The specified technical result by the method of controlling the degree of wear of the lubricated parts of the internal combustion engine is achieved by the fact that in the method of controlling the degree of wear of the lubricated parts of the internal combustion engine by which, during operation of the engine, oil samples are taken from the oil system of the engine for spectral analyzes, the concentration of the products is determined by spectral analysis wear in selected oil samples, add oil to the engine oil system, control the degree of wear of lubricated parts of the engine, taking into account certain concentrations according to the weight of the wear products deposited in the oil, the oil samples are additionally divided into the previous one and the one with the engine operating period between them, before taking the previous and given oil samples, the oil mass is measured in the engine oil system, oil is added to the oil engine system before taking a given oil sample to an amount equal to the oil mass when taking the previous oil sample, measure the mass of oil added to the engine oil system, control the degree of wear Washable engine parts according to the mass of wear products deposited in the oil during the period of engine operation between the previous and given oil samples, determine the mass of wear products that fell into the oil during the period of engine operation between the previous and given oil samples, according to

where (i) is the number of this oil sample;

(i-1) - number of the previous oil sample;

m _(i) , is the mass of wear products;

M is the mass of oil in the oil system of the engine when sampling oil;

η is the filtration coefficient;

ξ is the deposition coefficient of wear products;

C _(i) , is the concentration of wear products in a given oil sample;

M _{ADD (i)} , is the mass of added oil;

C _(i-1) is the concentration of wear products from the previous oil sample.
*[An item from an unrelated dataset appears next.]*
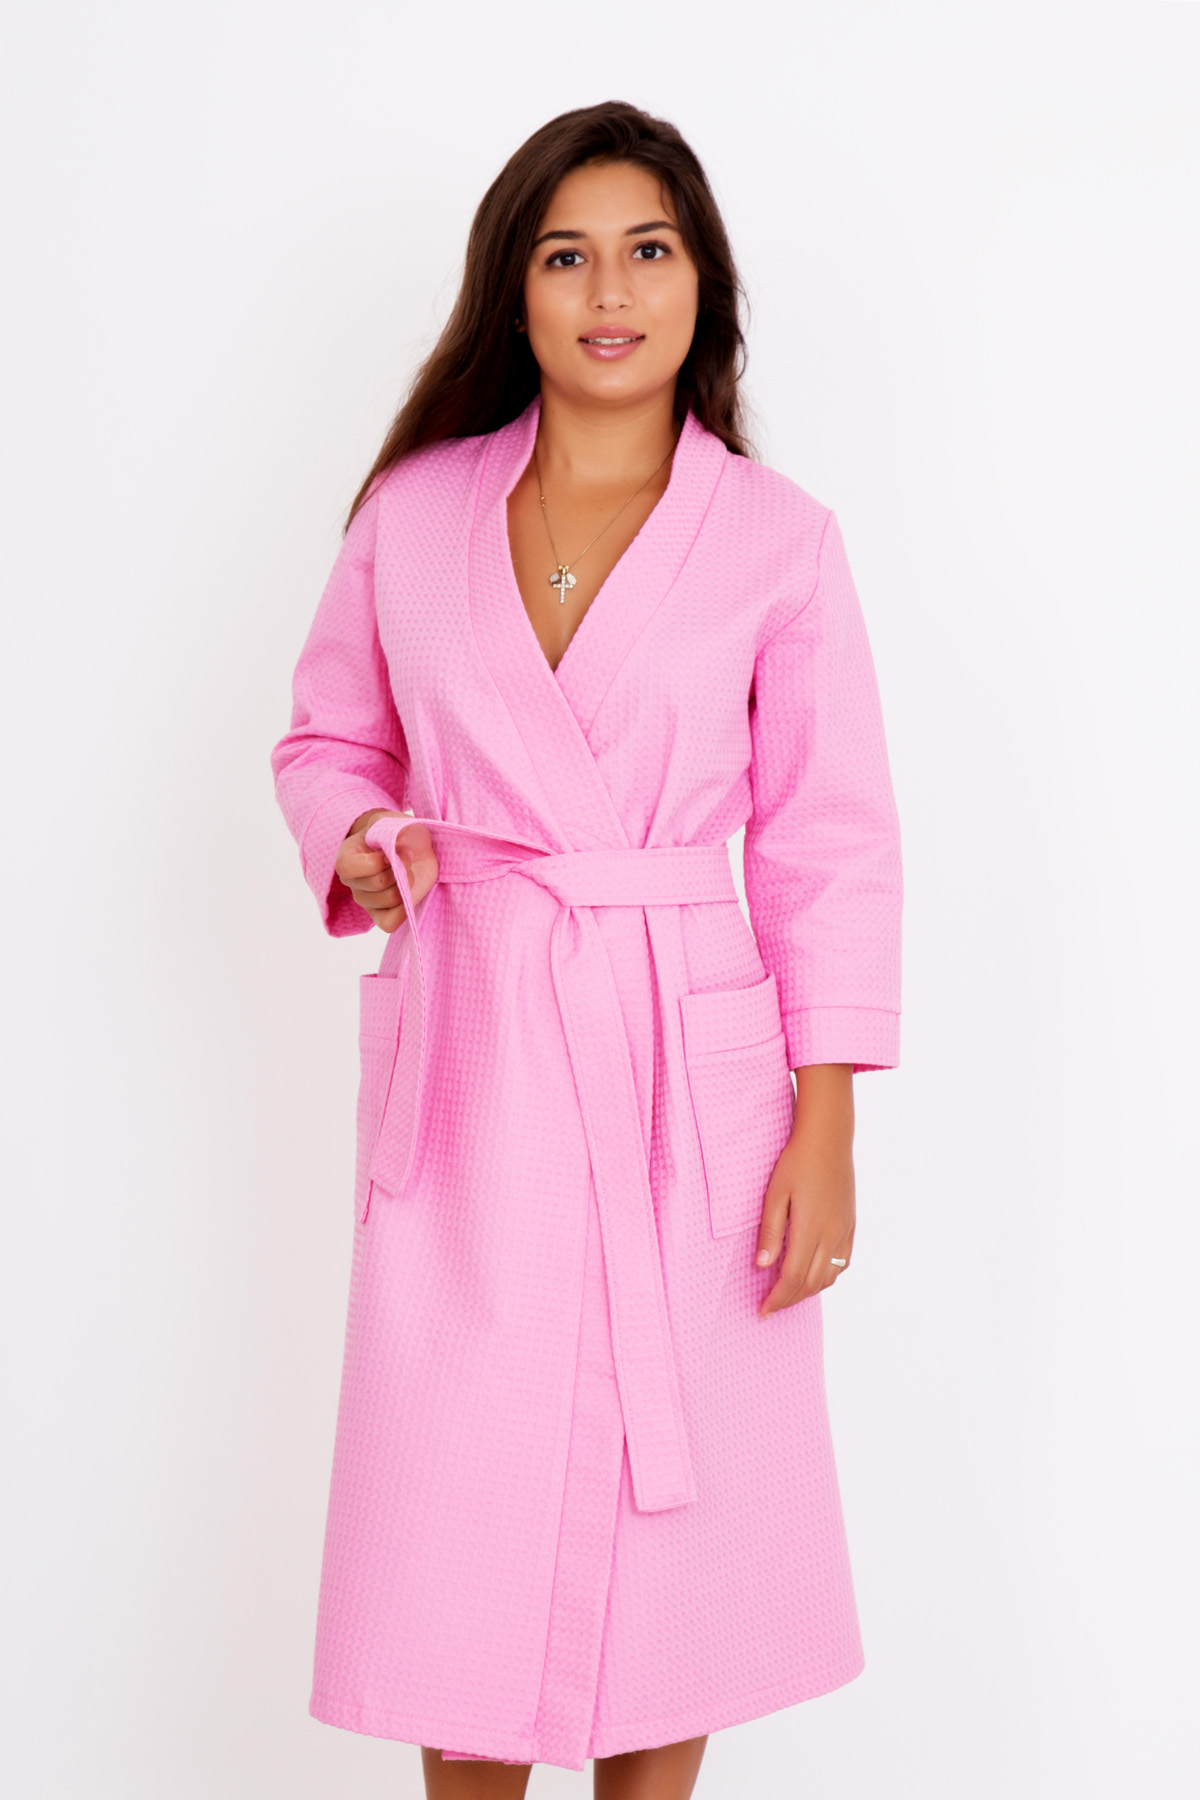 Купить легкий халат. Банный халат. Халат банный женский. Халат банный розовый.

In addition, oil samples are additionally divided into the initial and final ones with the period of engine operation between them, the wear of the lubricated engine parts is controlled by the total mass of wear products deposited in the oil during the period of engine operation between the initial and final oil samples, by summing the product mass values wear during the period of engine operation between the selection of each previous and given oil samples, and also control the wear of lubricated engine parts by the value of the wear rate by the ratio of the values mass of wear products to the period of engine operation between the selection of the previous and given oil samples.

A method for controlling the degree of wear of lubricated parts of an internal combustion engine is illustrated by the diagram in the drawing, which shows an example of one period of operation of an internal combustion engine of a vehicle, such as a diesel locomotive, between oil sampling for spectral analyzes.

The volume of the oil system 1 of the internal combustion engine (not shown) is filled with oil 2 with wear products 3 and conditionally divided into parts 4–9 (6 lines vertically), and the processes occurring during the period into stages 10–13 (4 columns horizontally) . The period includes the entry of wear products into the engine oil, the deposition of wear products in the engine oil system (including oil filters, heat exchangers, pipelines, etc.), the oil consumption for fumes and the addition of oil to compensate for the oil consumption for fumes.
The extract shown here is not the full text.